2. | Other Information Included in the General Disclosure Package |
None.
Schedule B-1
ANNEX I
Final Term Sheet
Filed Pursuant to Rule 433
Registration Statement No. 333-270834
November 12, 2024
Otis Worldwide Corporation
$600,000,000 5.125% Notes due 2031
Issuer: | Otis Worldwide Corporation |
Offering Format: | SEC Registered |
Title of Securities: | 5.125% Notes due 2031 (the “Notes”) |
Trade Date: | November 12, 2024 |
Settlement Date*: | November 19, 2024 (T+5) |
Expected Ratings (Moody’s / S&P)**: | Baa1 / BBB |
Principal Amount: | $600,000,000 |
Maturity Date: | November 19, 2031 |
Interest Payment Dates: | May 19 and November 19 of each year, beginning on May 19, 2025 |
Benchmark Treasury: | 4.125% UST due October 31, 2031 |
Benchmark Treasury Price/Yield: | 98-161/8 / 4.376% |
Spread to Benchmark Treasury: | +75 basis points |
Yield to Maturity: | 5.126% |
Price to Public: | 99.994% of the principal amount |
Coupon: | 5.125% |
Day Count Convention: | 30/360 |
Underwriting Discount: | 0.625% |
Make-Whole Call: | At any time and from time to time, prior to September 19, 2031, Treasury Rate plus 15 basis points |
Par Call: | On or after September 19, 2031 (two months prior to the maturity date of the Notes) |
Change of Control Offer: | 101% |
Minimum Denominations: | $2,000 x $1,000 |
Net Proceeds (before expenses): | $596,214,000 |
Joint Book-Running Managers: | HSBC Securities (USA) Inc. J.P. Morgan Securities LLC Morgan Stanley & Co. LLC SMBC Nikko Securities America, Inc. BofA Securities, Inc. Citigroup Global Markets Inc. Goldman Sachs & Co. LLC |
Senior Co-Managers: | Barclays Capital Inc. BNP Paribas Securities Corp. Commerz Markets LLC Deutsche Bank Securities Inc. Intesa Sanpaolo IMI Securities Corp. Loop Capital Markets LLC Santander US Capital Markets LLC SG Americas Securities, LLC UniCredit Capital Markets LLC |
Co-Managers: | Academy Securities, Inc. ICBC Standard Bank Plc Westpac Capital Markets LLC |
CUSIP / ISIN: | 68902VAR8 / US68902VAR87 |
* Settlement Period: The closing will occur on November 19, 2024, which will be more than one business day after the date of this pricing term sheet. Rule 15c6-1 under the Securities Exchange Act of 1934 generally requires that securities trades in the secondary market settle in one business day, unless the parties to a trade expressly agree otherwise.

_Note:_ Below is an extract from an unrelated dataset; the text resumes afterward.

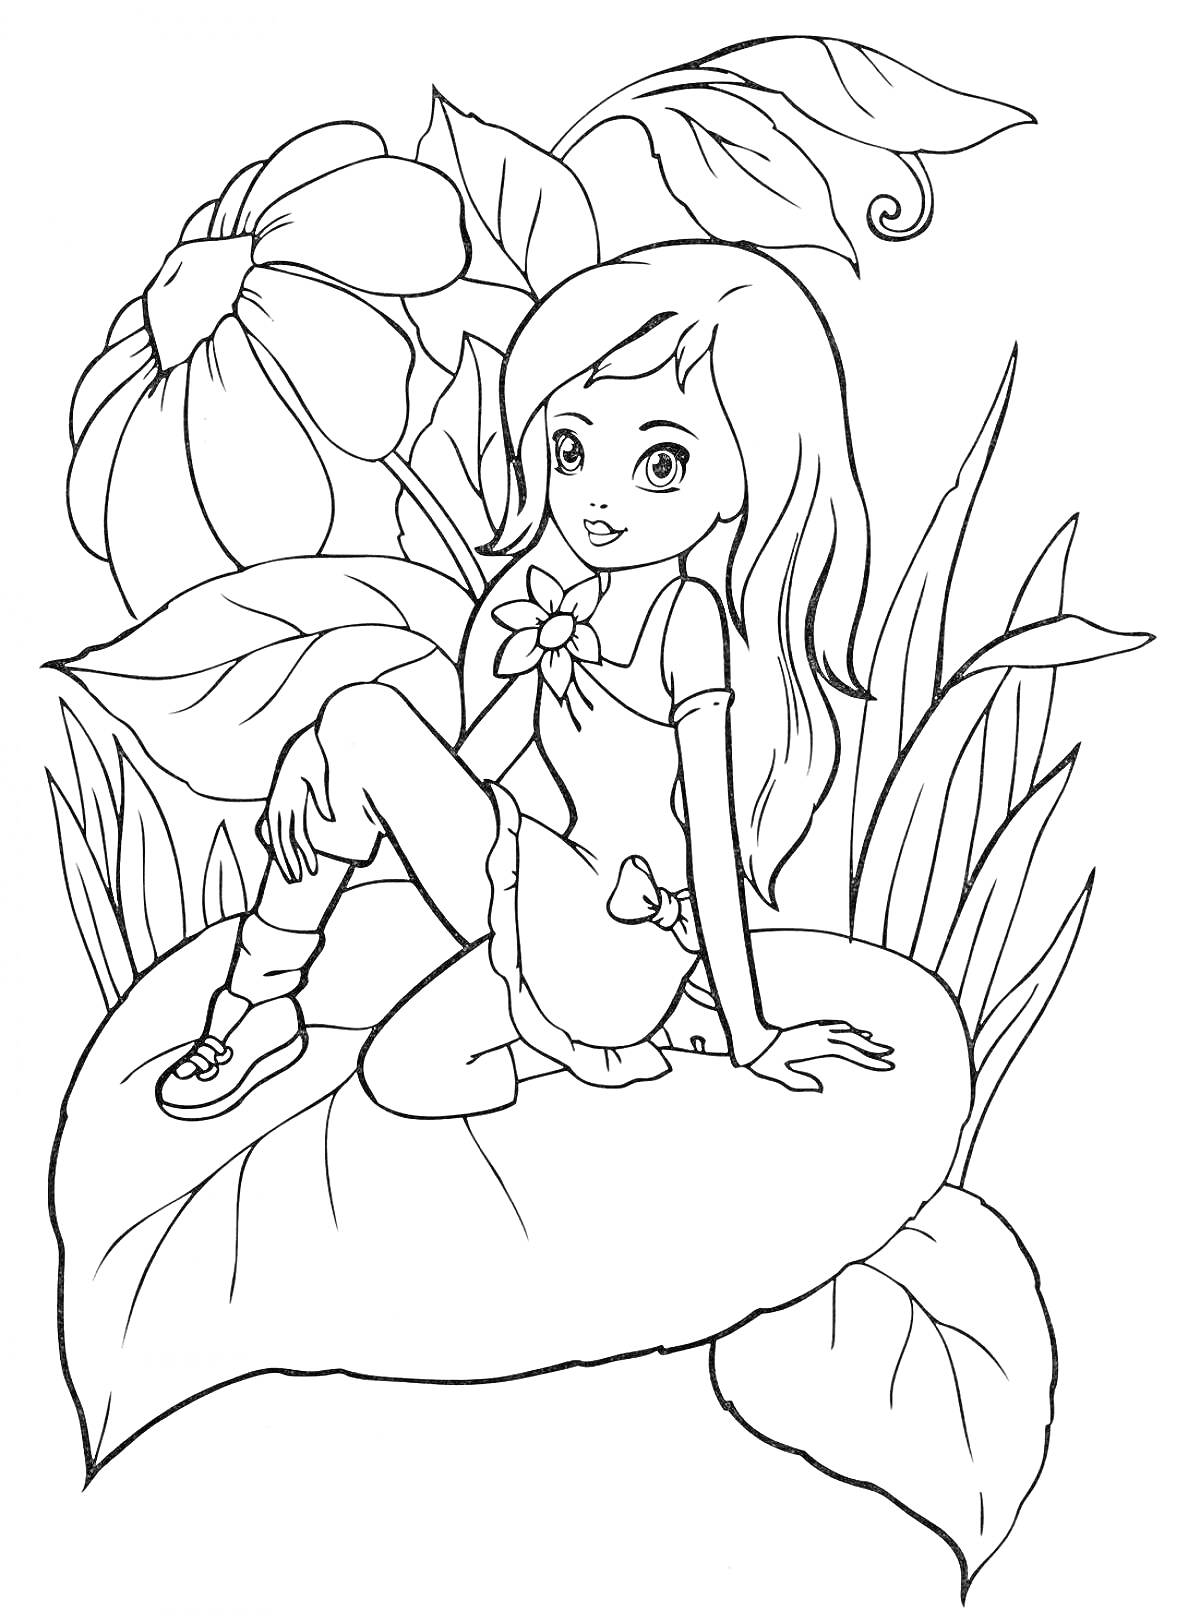 Раскраска Девочка на большом листе с цветами, листьями и травой

** Note: A securities rating is not a recommendation to buy, sell or hold securities and may be subject to revision or withdrawal at any time.

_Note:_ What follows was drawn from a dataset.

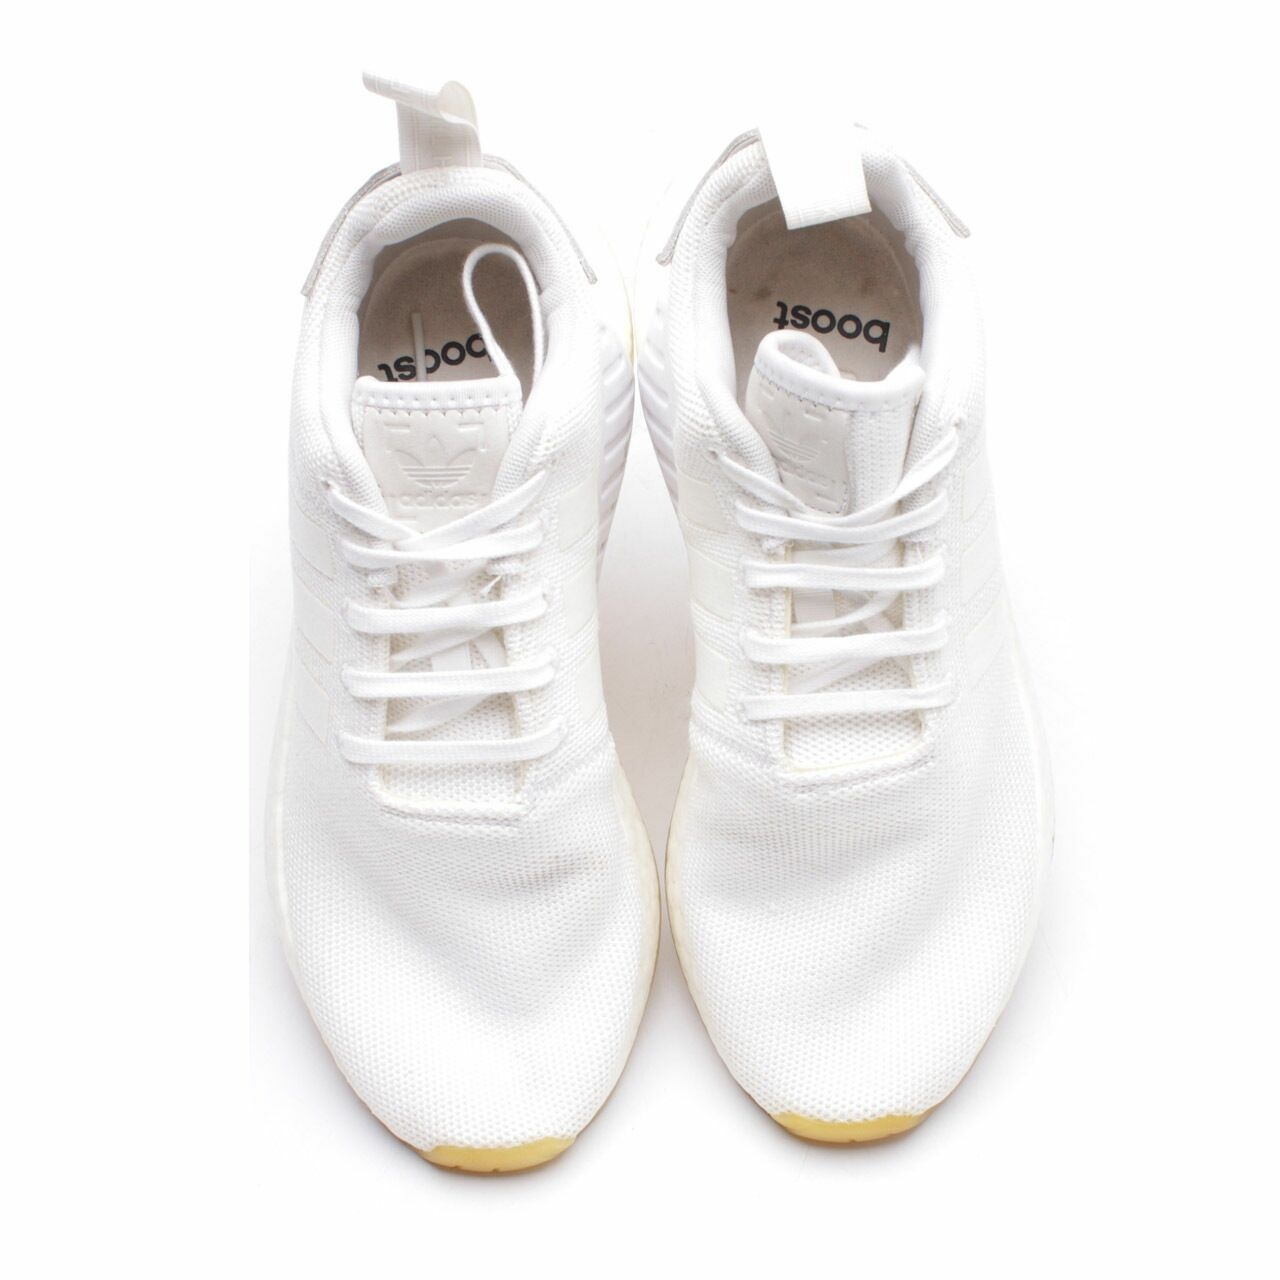 Adidas White Sneakers

The Issuer has filed a Registration Statement (File No. 333-270834), including a prospectus dated March 24, 2023 and a preliminary prospectus supplement dated November 12, 2024, with the U.S. Securities and Exchange Commission (the “SEC”) for the offering to which this communication relates. Before you invest, you should read the prospectus in that Registration Statement, the preliminary prospectus supplement for the offering to which this communication relates and other documents the Issuer has filed with the SEC for more complete information about the Issuer and this offering. You may get these documents for free by visiting the SEC’s website at www.sec.gov. Alternatively, any underwriter or any dealer participating in the offering will arrange to send you the prospectus and the prospectus supplement if you request them by calling: HSBC Securities (USA) Inc. at 1-866-811- 8049; J.P. Morgan Securities LLC at 1 ###-###-####; Morgan Stanley & Co. LLC at ###-###-#### or SMBC Nikko Securities America, Inc. at ###-###-####. You are advised to obtain a copy of the prospectus and related prospectus supplement for the offering to which this communication relates and to carefully review the information contained or incorporated by reference therein before making any investment decision.
Any disclaimer or other notice that may appear below is not applicable to this communication and should be disregarded. Such disclaimer or notice was automatically generated as a result of this communication being sent by Bloomberg or another email system.